EXERCISE REQUIREMENTS.
Lines from the one containing "Johnson City, TN price changes hikersbay.com" through the last line of the data are to be returned exactly, both ends included, minus any pictures.

DATA SEGMENT.

============================================================

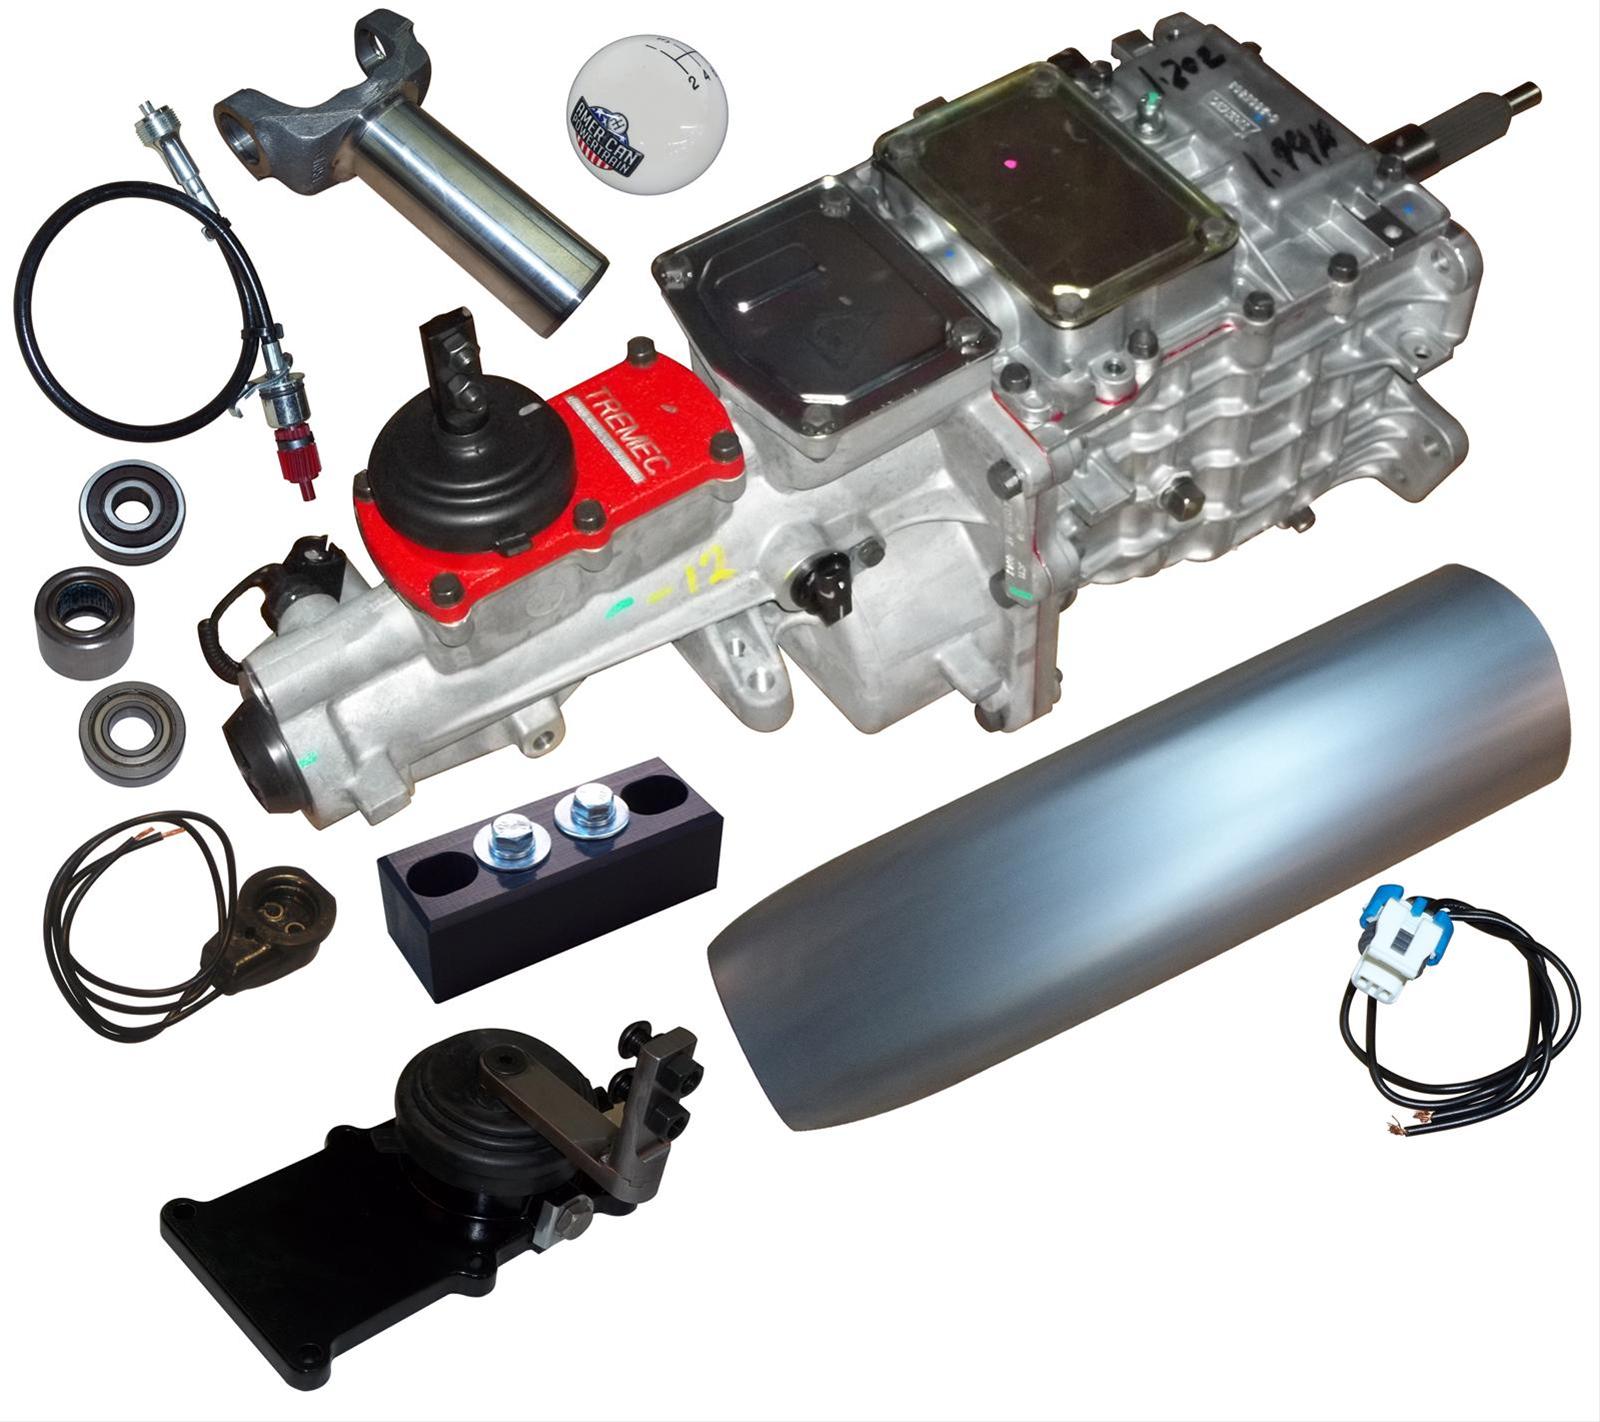 Фиат 600.трансмиссия. [F5] 5-Speed manual Trans. Gmt800 Powertrain. RLS transmission Kits.
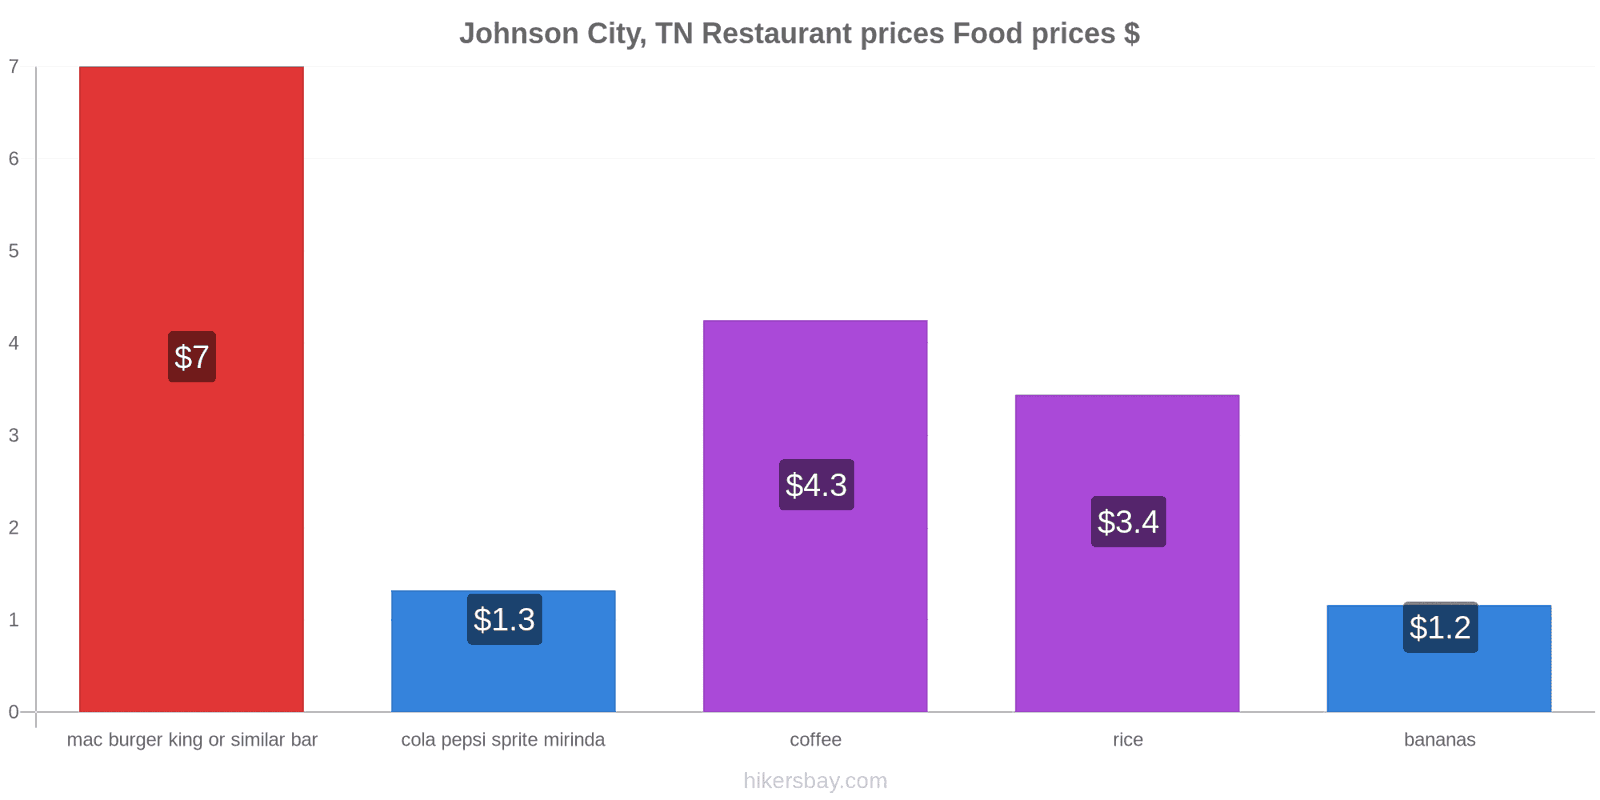 Johnson City, TN price changes hikersbay.com
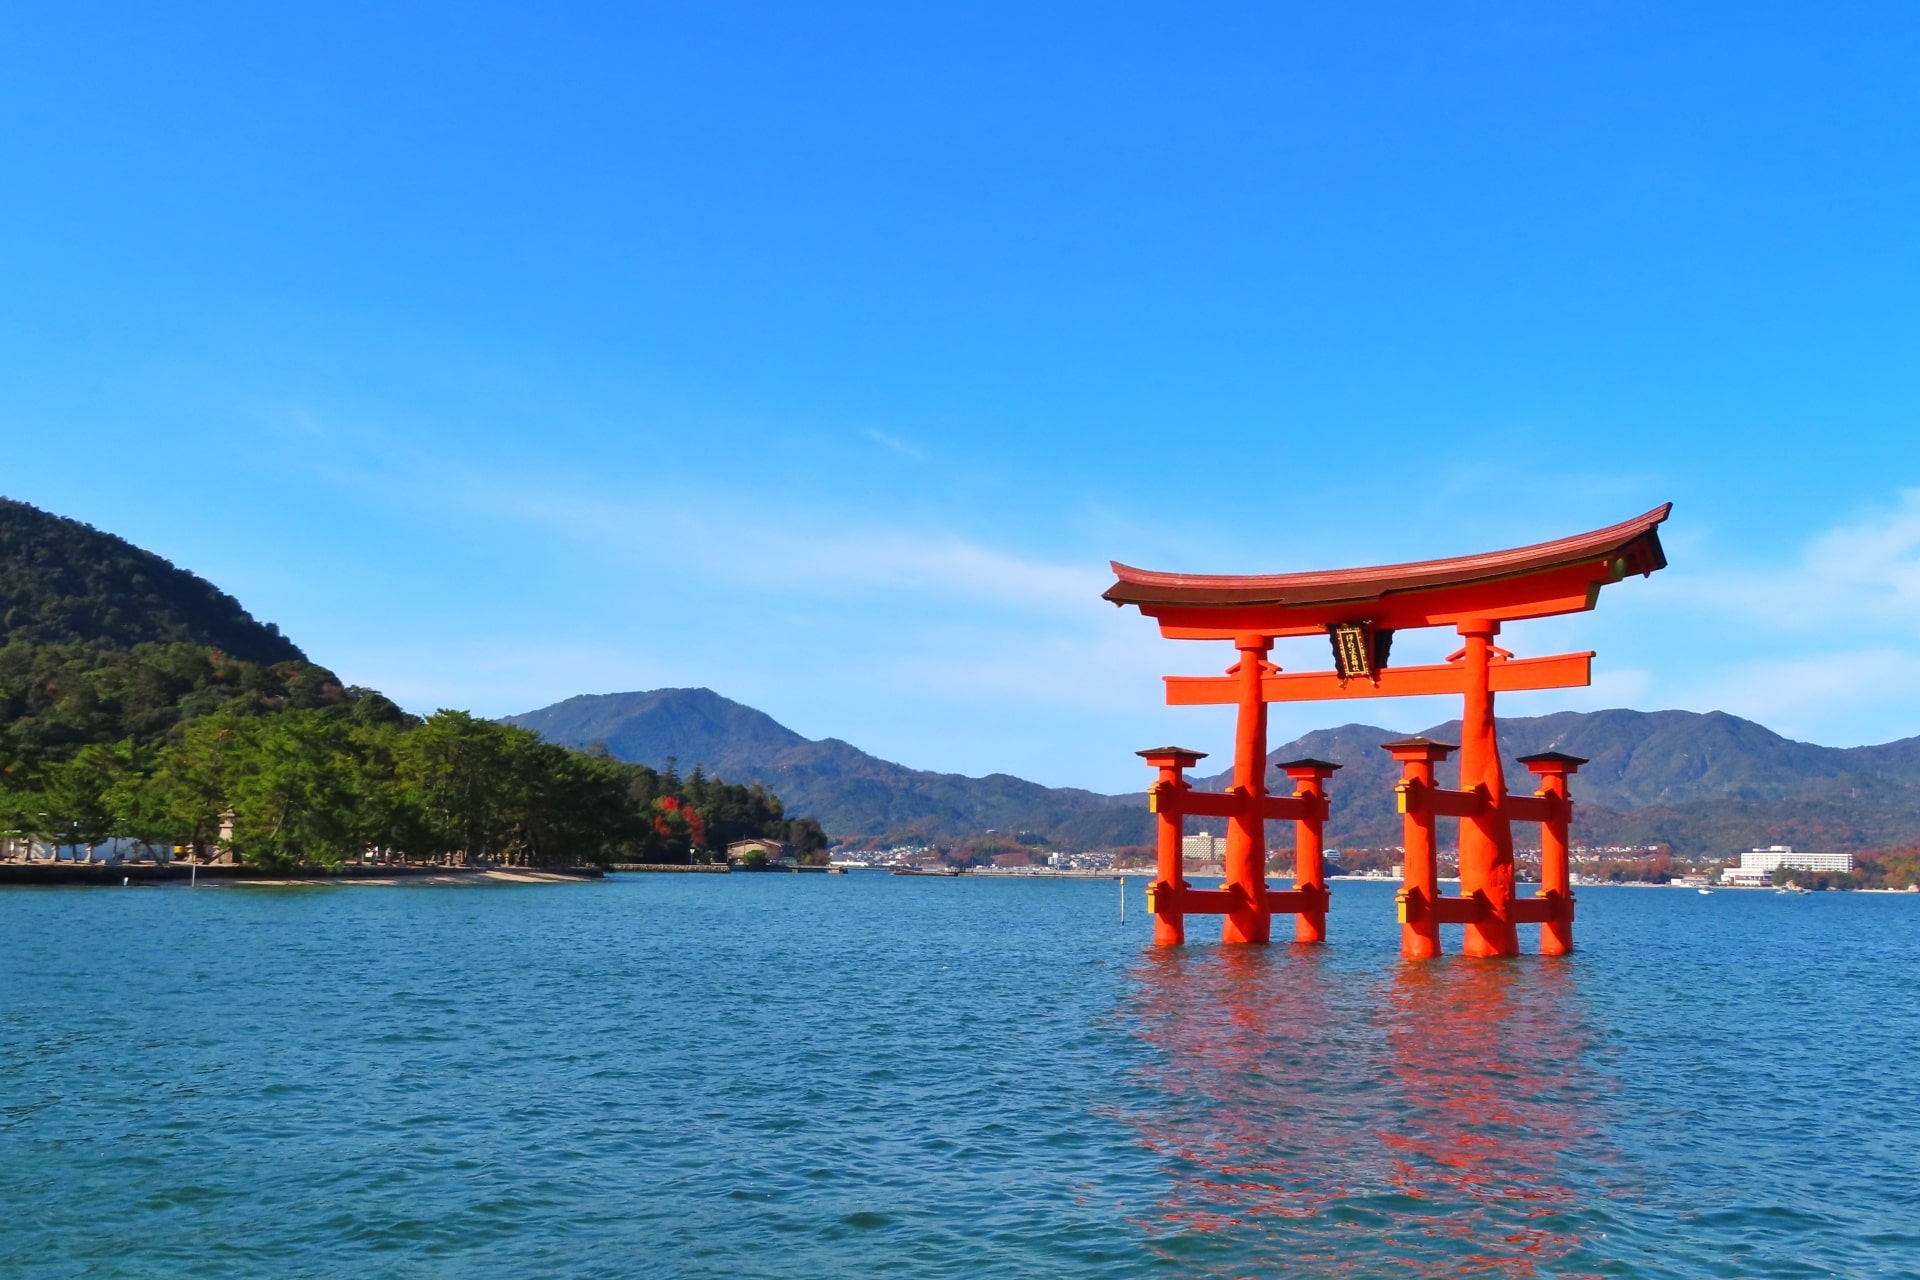 Miyajima/Itsukushima Shrine (Hiroshima)
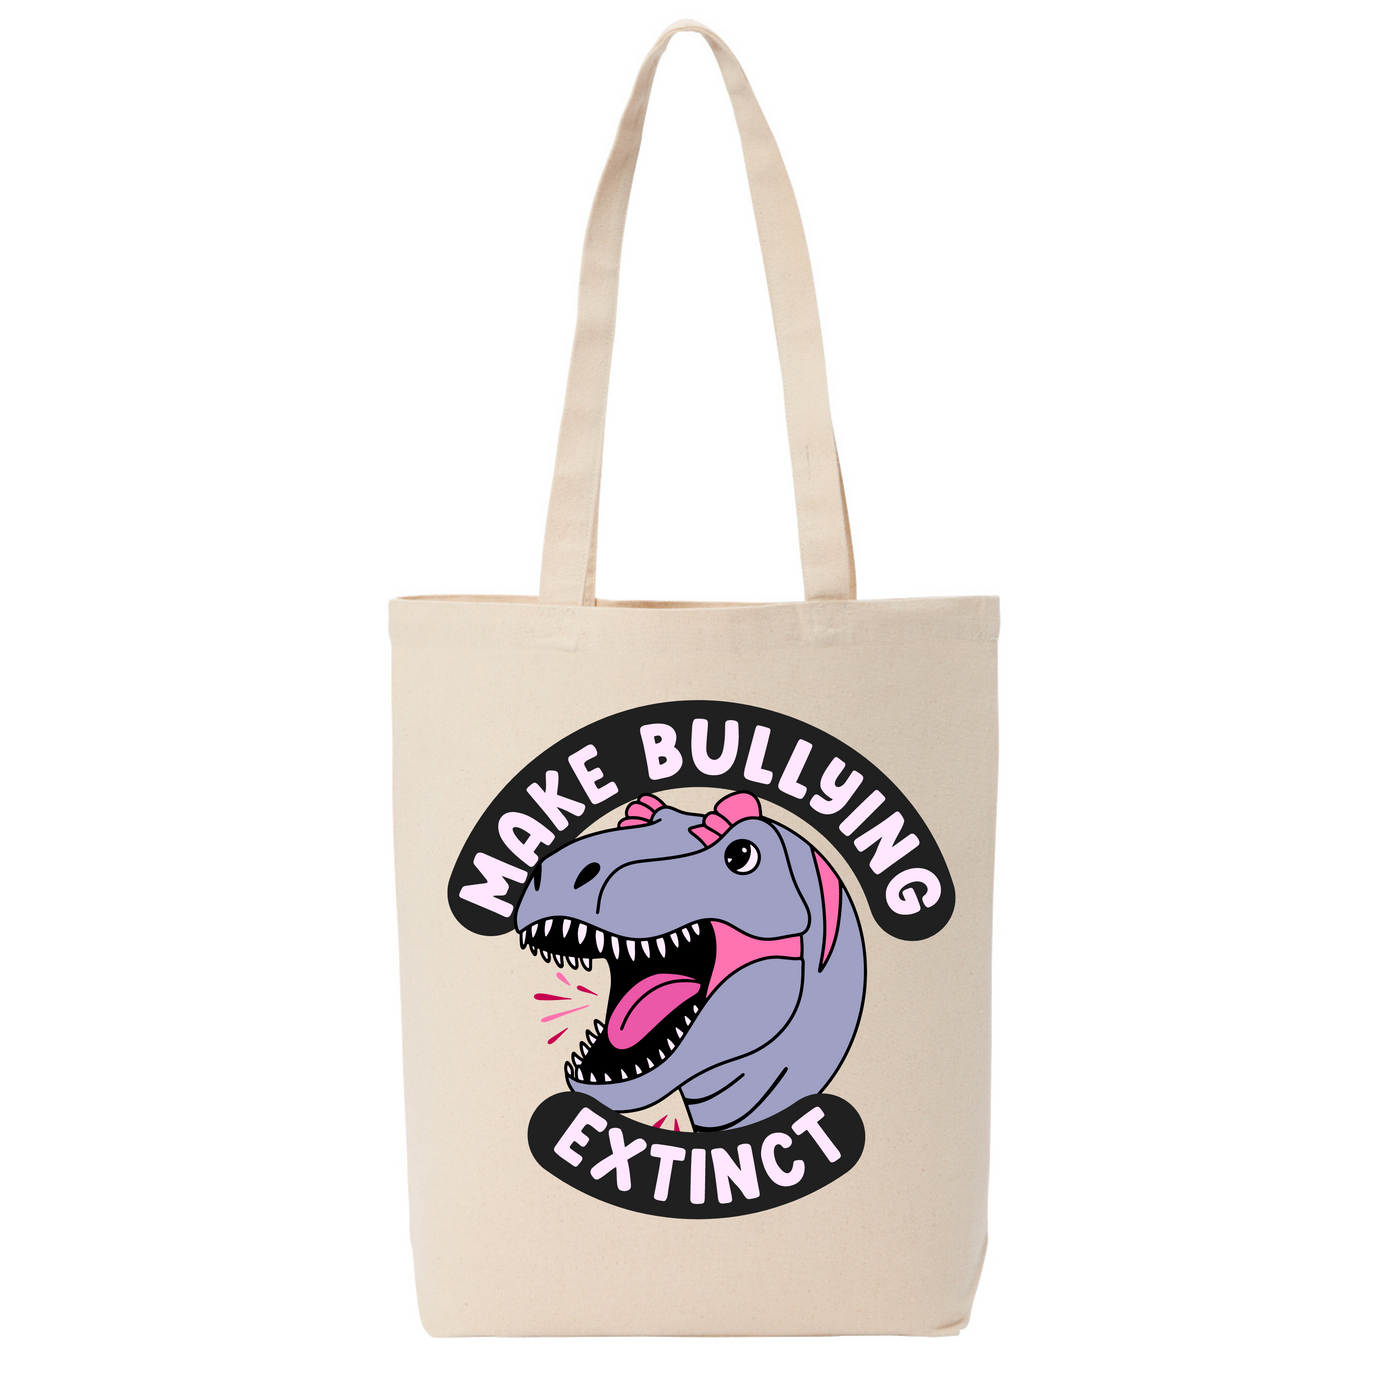 "Make Bullying Extinct" Tote Bag

============================================================

EXERCISE SOLUTION.
 Johnson City, TN price changes hikersbay.com
 Miyajima/Itsukushima Shrine (Hiroshima)
 "Make Bullying Extinct" Tote Bag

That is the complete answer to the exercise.